Artificial Intelligence Is Now Shockingly Good At Sounding Human

Synthetic voices have become ubiquitous. They feed us directions in the morning, shepherd us through phone calls by day and broadcast the news on smart speakers at night. And as the technology used to make them improves, these voices are becoming more and more human-sounding. This is the final frontier in synthetic speech: replicating not just what we say but how we say it.

Rupal Patel heads a research group at Northeastern University that studies speech prosody—the changes in pitch, loudness and duration that we use to convey intent and emotion through voice. “Sometimes people think of it as the icing on the cake,” she explains. “You have the message, and now it’s how you modulate that message, but I really think it’s the scaffolding that gives meaning to the message itself.”

Patel says she grew interested in prosody after finding it was the only element of vocal communication that seemed to be available to people with some kinds of severe speech disorders. These patients were able to make expressive sounds even if they could not speak clearly. In 2014 Patel founded a company to build custom synthetic voices for nonspeaking individuals. VocaliD has since expanded to commercial brands and influencers.
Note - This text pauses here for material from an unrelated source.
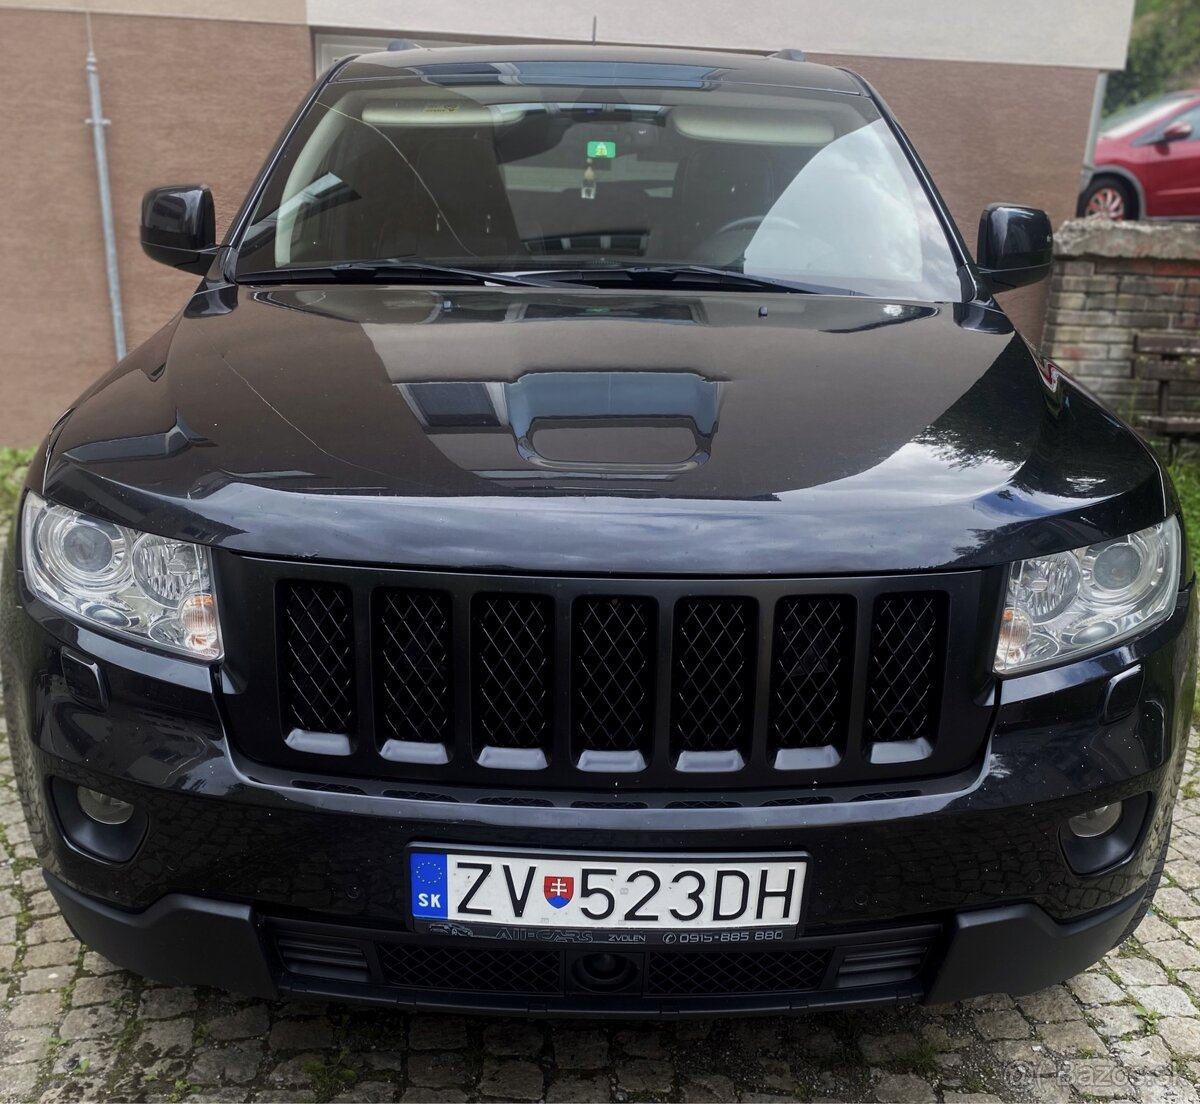 Jeep Grand Cherokee 3.0 CRD Limited 4x4

Synthetic speech has come a long way over the years. At age nine, Siri is the oldest virtual assistant—but in the world of speaking machines, she’s a baby. People have been trying to synthesize speech since at least the 18th century, when an Austro-Hungarian inventor built a crude replica of the human vocal tract that could articulate entire phrases (albeit in a monotone).

Current machine-learning techniques can model human speech, complete with awkward pauses and lip smacks. Still, training on thousands of samples per second is prohibitively expensive for most real-world systems. Researchers, including those at VocaliD, are continually implementing newer and more efficient methods.

But even as the remaining gaps between human and synthetic speech are steadily closing, truly lifelike prosody continues to elude even the most sophisticated systems. Maybe what’s still missing requires machines not only to mimic humans but also to feel like us.